Function pointer assignment and memset'ing - What's happening here?

S

Shao Miller

First thank you for the explanation. I'm on x86-32, and doing
something that's very specific and so I'm almost sure there's no way
to stay 'portable'. I'm loading an a.out file on memory, subjected to
some constraints, and I do need to write the 4 byte-address of (say)
puts function in a certain memory location.

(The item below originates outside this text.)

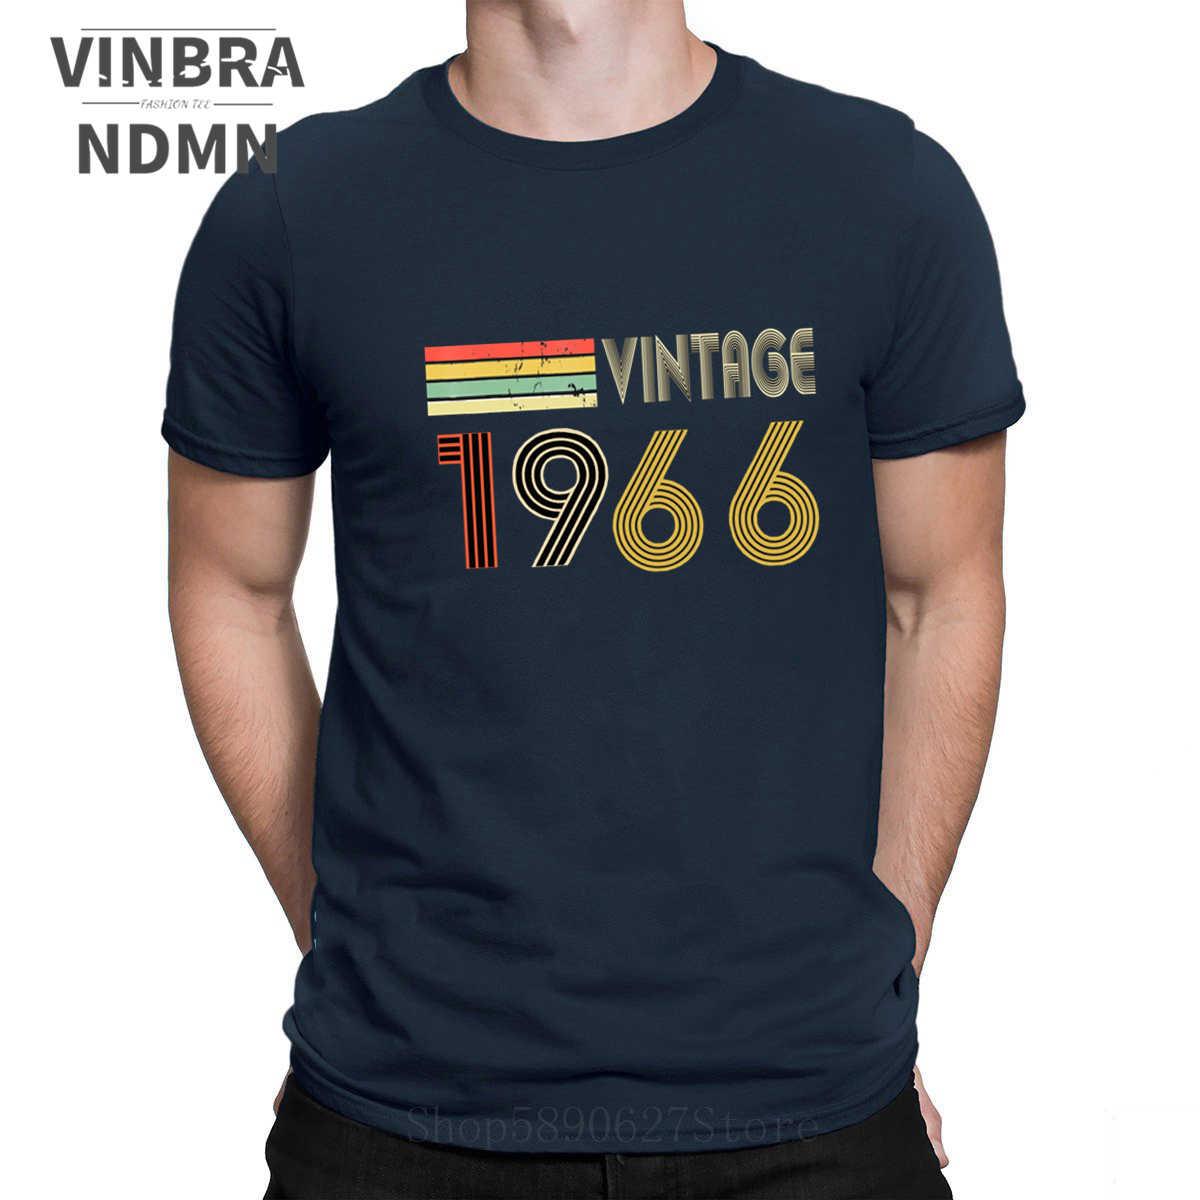 54th Birthday Made In Year 1966 All Original Parts Tshirt Dad Grandad Brother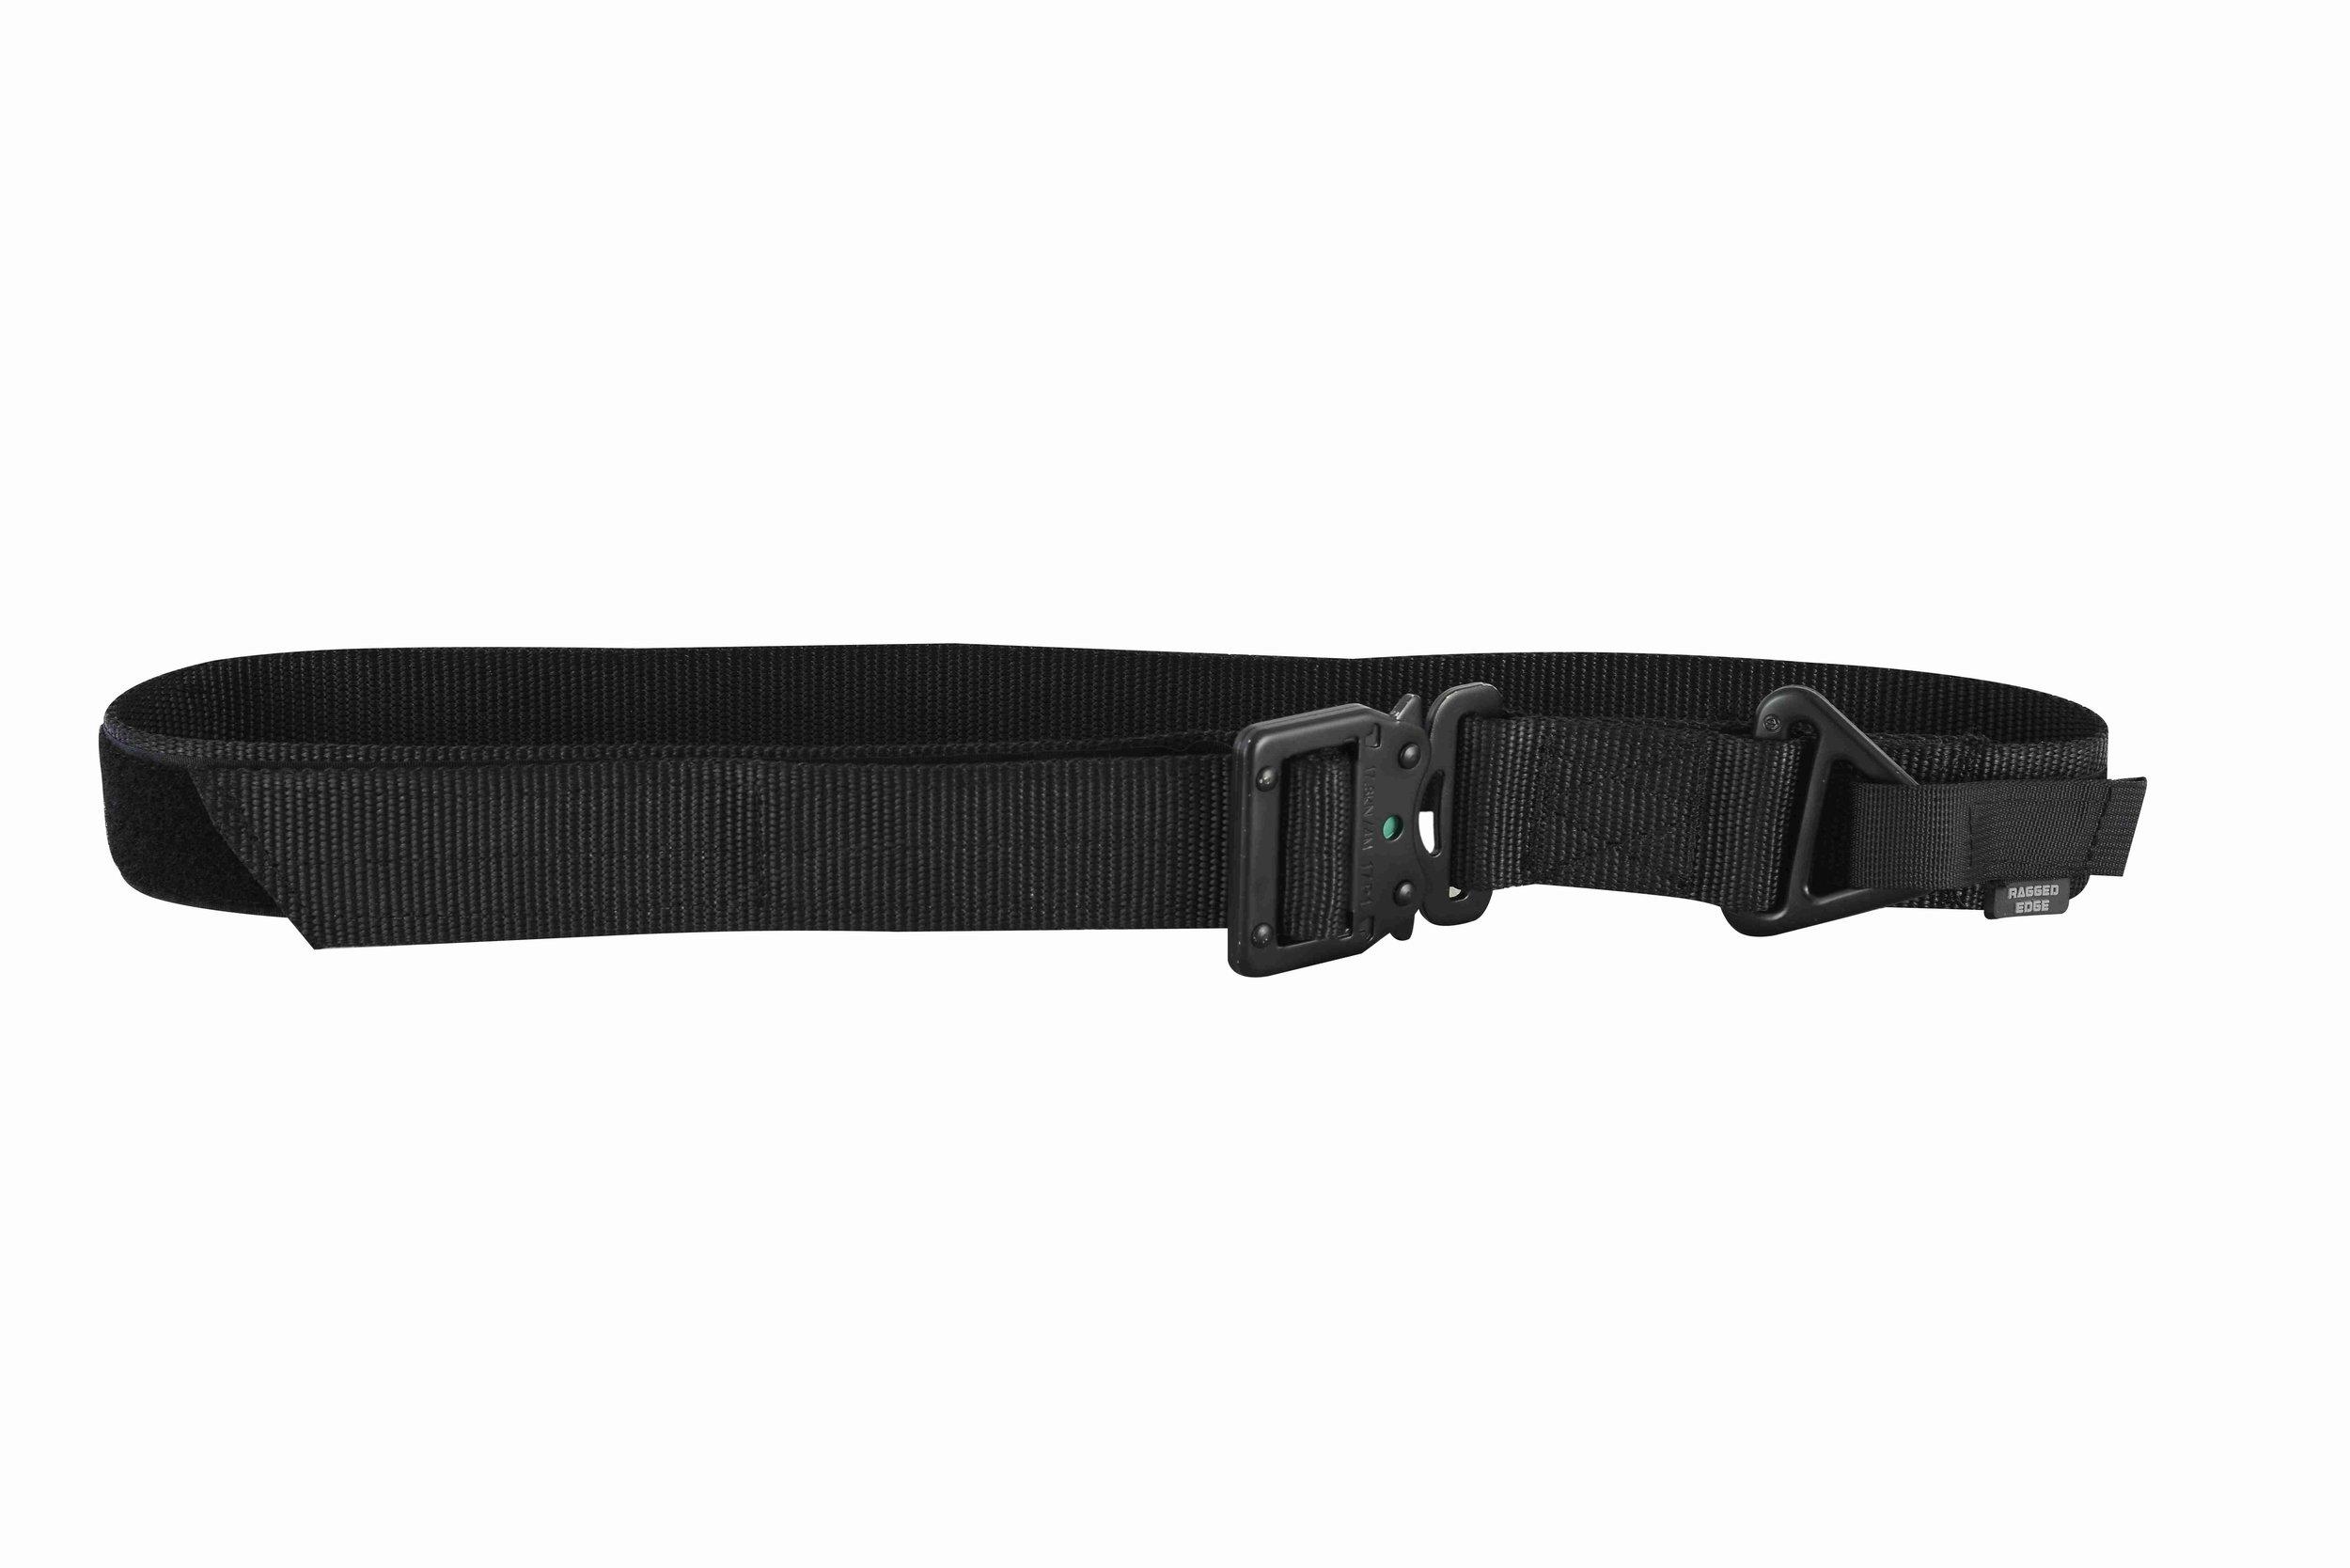 2051 Rigger's Belt W_Cobra Buckle.jpg

My code does work as
expected using the following line:

*((int *)(data+curr_reloc->r_address)) = puts;

, but when I tried to replace it with a less ugly one and wasn't
successful and I was kind of confused on how "*puts", "&puts" and
"puts" produced the same result when trying to replace this line and
specially on how I couldn't find an equivalent line using memcpy.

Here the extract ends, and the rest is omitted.